Our results collectively support a key role of EGFR and PDGFRα signaling in survival of Glioblastoma cancer stem cells. PDGFRα was overexpressed in GBM peritumor tissues derived-CSC compared to counterparts GBM c-CSC, indicating this pathway a pivotal therapeutic target in GBM. We also provide the rationale for simultaneous targeting of EGFR and PDGFR, with prospective of an improvement of survival and quality of life of GBM patients.
Material and methods
Procedures for collection of adult human GBM CSC were approved by the Ethical Committee of the Catholic University of Rome as reported previously. Informed consent was obtained and all patients were fully aware of the aims and scope of this work. The ethical principles of the declaration of Helsinki were strictly followed.
Cell culture and treatment of human Glioblastoma cancer stem cells
We have used the same clinical materials reported in our previous papers[24, 25]. In brief, the CSC cells were retrieved from adult patients affected by GBM and undergoing craniotomy at the Institute of Neurosurgery, Catholic University-School of Medicine of Rome, Italy.

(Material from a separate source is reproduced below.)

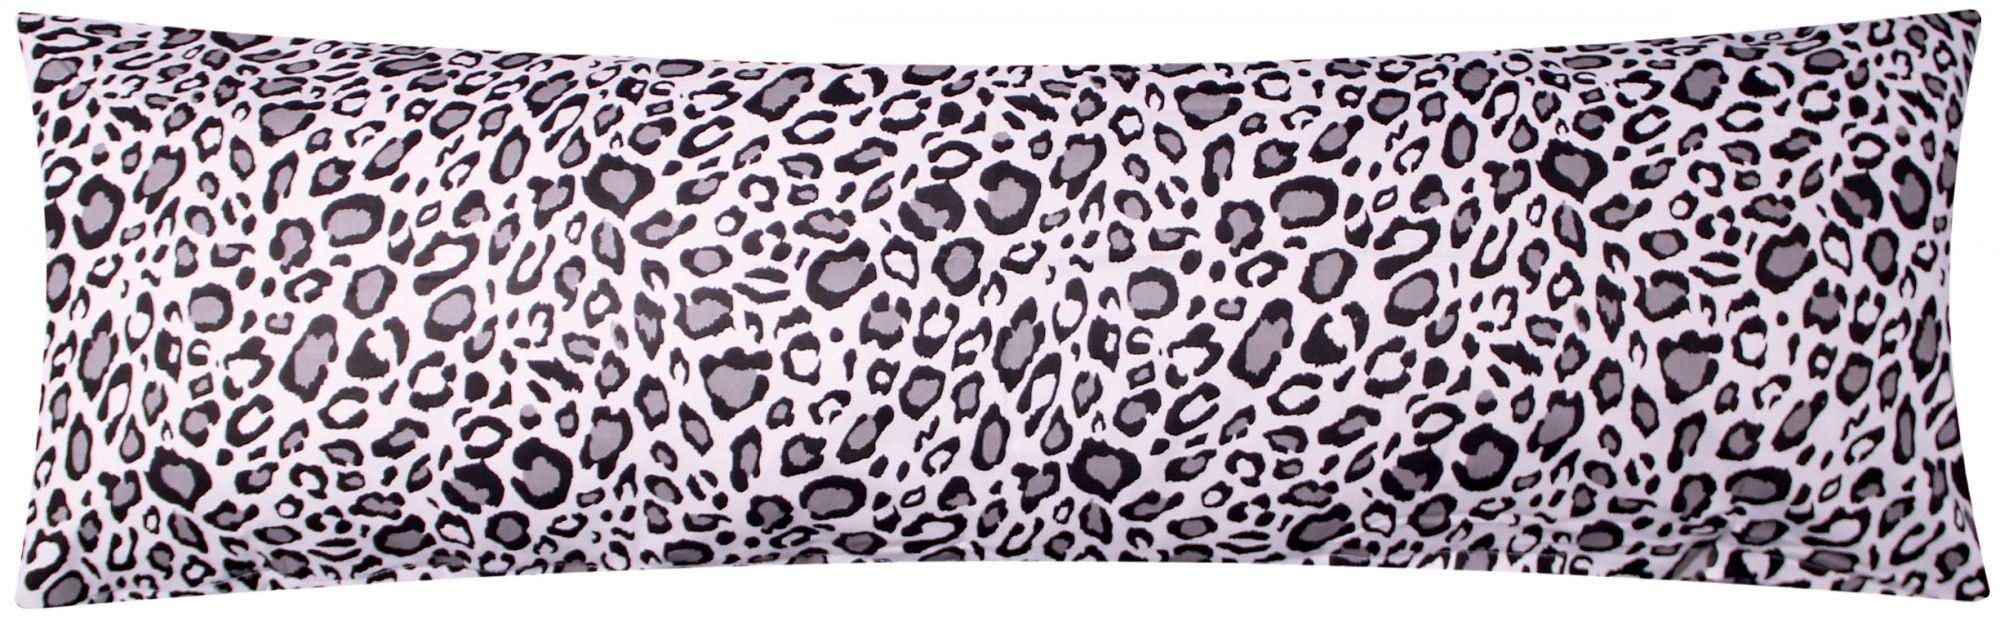 Baumwoll Renforcé Seitenschläferkissen Bezug 40x145cm - Felloptik, Leoparden Muster in schwarz und weiß - 100% Baumwolle Stillkissenbezug (370-1)

Dissociated cells were cultured in the presence of human recombinant EGF (20 ng/ml; PeproTech, Rocky Hill, NJ), human recombinant bFGF (10 ng/ml; PeproTech), in DMEM/F12 (1:1) serum-free medium (Invitrogen, Carlsband, CA) containing L glutamine 2 mM, glucose 0.6%, putrescine 9.6 ug/ml, progesterone 0.025 mg/ml, sodium selenite 5.2 ng/ml, insulin 0.025 mg/ml, apo-transferrin sodium salt 0.1 mg/ml, sodium bicarbonate 3 mM, Hepes 5 mM, BSA 4 mg/ml, heparin 4 ug/ml (all purchased by Sigma-Aldrich). Floating neurospheres were dissociated with Accutase at 37°C (Merck-Millipore). In some cases, neurospheres were passaged up to passage P60 and the experiments were performed between P14 and P60. Cell starvation was planned for 2 days in Stem Medium w/o EGF and bFGF. Subsequently, PDGF-AA was added (40 ng/ml, Peprotech) for different time points (5′, 10′, 30′, 120′ and 24 hours). Cells treatments were performed with GSI-X (also named L-685,458, Calbiochem), AG1478 (Calbiochem) and Crenolanib (CP-8685596, Selleckchem).
ShRNA, transfection and lentivirus production
The experiments on RNA interference were performed using Mission Lentivirus-based shRNA for PDGFRα (NM_006206-Sigma-Adrich). We amplified three DNA clones (clones numbers: TRCN0000195132, TRCN0000196272, TRCN0000196928) and pLKO.1-puro, as a control for infection. We selected puromycin resistant p-CSC2 expressing three different shRNA sequences, but only two were able to donwmodulate PDGFRα (TRCN0000195132 and TRCN0000196928). Human embryonic kidney (HEK)-293 T cells in log-phase growth were transiently transfected using standard LipofectAmine reagent (Invitrogen), with lentivirus-based shRNA (and with pLKO.1 as control) plus helper plasmids (Invitrogen Packging Plasmids, Carlsbard, CA). Media containing the virions were harvested two days after cell transfection and transferred directly onto p-CSC2. Lentiviral infection was performed in the presence of polybrene solution at 8 μg/ml (Sigma-Aldrich) and the antibiotic puromycin (Euroclone) was added to the cells at 1 μg/ml for a week to select CSC expressing shRNA sequences.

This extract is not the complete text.